··· Dataset records
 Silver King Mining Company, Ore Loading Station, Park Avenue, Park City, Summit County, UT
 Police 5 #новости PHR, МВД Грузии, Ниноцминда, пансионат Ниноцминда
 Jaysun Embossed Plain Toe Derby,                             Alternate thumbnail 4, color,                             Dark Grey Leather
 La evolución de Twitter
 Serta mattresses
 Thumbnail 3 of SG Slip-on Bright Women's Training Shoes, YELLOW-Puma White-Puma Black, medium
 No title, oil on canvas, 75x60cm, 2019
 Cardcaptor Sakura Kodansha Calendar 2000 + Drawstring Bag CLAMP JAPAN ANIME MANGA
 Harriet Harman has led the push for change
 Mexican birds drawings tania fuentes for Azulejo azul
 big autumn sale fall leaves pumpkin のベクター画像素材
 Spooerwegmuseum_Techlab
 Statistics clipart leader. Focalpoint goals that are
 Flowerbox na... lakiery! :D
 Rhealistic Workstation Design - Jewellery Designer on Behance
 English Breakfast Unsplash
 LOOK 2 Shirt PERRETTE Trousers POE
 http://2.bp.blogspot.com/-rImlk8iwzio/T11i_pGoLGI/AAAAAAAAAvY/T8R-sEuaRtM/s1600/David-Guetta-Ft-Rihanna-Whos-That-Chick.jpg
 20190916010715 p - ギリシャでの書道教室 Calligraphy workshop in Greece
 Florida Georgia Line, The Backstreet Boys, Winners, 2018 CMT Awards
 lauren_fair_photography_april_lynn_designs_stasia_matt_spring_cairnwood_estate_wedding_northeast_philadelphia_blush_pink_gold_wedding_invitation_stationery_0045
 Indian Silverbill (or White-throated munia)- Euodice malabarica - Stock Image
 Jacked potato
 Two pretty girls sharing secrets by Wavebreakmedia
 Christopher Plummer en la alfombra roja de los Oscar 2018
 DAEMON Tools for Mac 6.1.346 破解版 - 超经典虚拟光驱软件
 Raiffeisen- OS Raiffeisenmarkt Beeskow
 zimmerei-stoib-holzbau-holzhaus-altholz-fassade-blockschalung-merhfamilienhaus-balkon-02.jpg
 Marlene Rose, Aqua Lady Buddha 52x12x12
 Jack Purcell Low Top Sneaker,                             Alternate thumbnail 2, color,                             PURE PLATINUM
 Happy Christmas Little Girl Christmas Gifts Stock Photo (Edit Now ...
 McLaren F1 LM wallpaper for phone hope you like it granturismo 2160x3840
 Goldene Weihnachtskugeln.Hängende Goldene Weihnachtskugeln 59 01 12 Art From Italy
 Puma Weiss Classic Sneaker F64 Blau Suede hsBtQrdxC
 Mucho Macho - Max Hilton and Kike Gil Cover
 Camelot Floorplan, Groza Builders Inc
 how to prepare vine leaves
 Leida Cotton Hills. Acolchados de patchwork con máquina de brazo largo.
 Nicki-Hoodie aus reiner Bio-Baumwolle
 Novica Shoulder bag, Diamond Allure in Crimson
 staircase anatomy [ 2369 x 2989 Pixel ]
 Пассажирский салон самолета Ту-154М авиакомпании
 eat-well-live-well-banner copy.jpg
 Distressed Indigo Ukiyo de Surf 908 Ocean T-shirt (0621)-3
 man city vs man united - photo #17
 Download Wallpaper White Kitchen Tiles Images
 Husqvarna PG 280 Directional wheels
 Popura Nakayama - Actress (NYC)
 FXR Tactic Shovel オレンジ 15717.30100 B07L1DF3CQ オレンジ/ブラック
······
● **Exercise details**: Repeat the entries above exactly, leaving nothing out.

● **Response for this exercise**:
 Silver King Mining Company, Ore Loading Station, Park Avenue, Park City, Summit County, UT
 Police 5 #новости PHR, МВД Грузии, Ниноцминда, пансионат Ниноцминда
 Jaysun Embossed Plain Toe Derby,                             Alternate thumbnail 4, color,                             Dark Grey Leather
 La evolución de Twitter
 Serta mattresses
 Thumbnail 3 of SG Slip-on Bright Women's Training Shoes, YELLOW-Puma White-Puma Black, medium
 No title, oil on canvas, 75x60cm, 2019
 Cardcaptor Sakura Kodansha Calendar 2000 + Drawstring Bag CLAMP JAPAN ANIME MANGA
 Harriet Harman has led the push for change
 Mexican birds drawings tania fuentes for Azulejo azul
 big autumn sale fall leaves pumpkin のベクター画像素材
 Spooerwegmuseum_Techlab
 Statistics clipart leader. Focalpoint goals that are
 Flowerbox na... lakiery! :D
 Rhealistic Workstation Design - Jewellery Designer on Behance
 English Breakfast Unsplash
 LOOK 2 Shirt PERRETTE Trousers POE
 http://2.bp.blogspot.com/-rImlk8iwzio/T11i_pGoLGI/AAAAAAAAAvY/T8R-sEuaRtM/s1600/David-Guetta-Ft-Rihanna-Whos-That-Chick.jpg
 20190916010715 p - ギリシャでの書道教室 Calligraphy workshop in Greece
 Florida Georgia Line, The Backstreet Boys, Winners, 2018 CMT Awards
 lauren_fair_photography_april_lynn_designs_stasia_matt_spring_cairnwood_estate_wedding_northeast_philadelphia_blush_pink_gold_wedding_invitation_stationery_0045
 Indian Silverbill (or White-throated munia)- Euodice malabarica - Stock Image
 Jacked potato
 Two pretty girls sharing secrets by Wavebreakmedia
 Christopher Plummer en la alfombra roja de los Oscar 2018
 DAEMON Tools for Mac 6.1.346 破解版 - 超经典虚拟光驱软件
 Raiffeisen- OS Raiffeisenmarkt Beeskow
 zimmerei-stoib-holzbau-holzhaus-altholz-fassade-blockschalung-merhfamilienhaus-balkon-02.jpg
 Marlene Rose, Aqua Lady Buddha 52x12x12
 Jack Purcell Low Top Sneaker,                             Alternate thumbnail 2, color,                             PURE PLATINUM
 Happy Christmas Little Girl Christmas Gifts Stock Photo (Edit Now ...
 McLaren F1 LM wallpaper for phone hope you like it granturismo 2160x3840
 Goldene Weihnachtskugeln.Hängende Goldene Weihnachtskugeln 59 01 12 Art From Italy
 Puma Weiss Classic Sneaker F64 Blau Suede hsBtQrdxC
 Mucho Macho - Max Hilton and Kike Gil Cover
 Camelot Floorplan, Groza Builders Inc
 how to prepare vine leaves
 Leida Cotton Hills. Acolchados de patchwork con máquina de brazo largo.
 Nicki-Hoodie aus reiner Bio-Baumwolle
 Novica Shoulder bag, Diamond Allure in Crimson
 staircase anatomy [ 2369 x 2989 Pixel ]
 Пассажирский салон самолета Ту-154М авиакомпании
 eat-well-live-well-banner copy.jpg
 Distressed Indigo Ukiyo de Surf 908 Ocean T-shirt (0621)-3
 man city vs man united - photo #17
 Download Wallpaper White Kitchen Tiles Images
 Husqvarna PG 280 Directional wheels
 Popura Nakayama - Actress (NYC)
 FXR Tactic Shovel オレンジ 15717.30100 B07L1DF3CQ オレンジ/ブラック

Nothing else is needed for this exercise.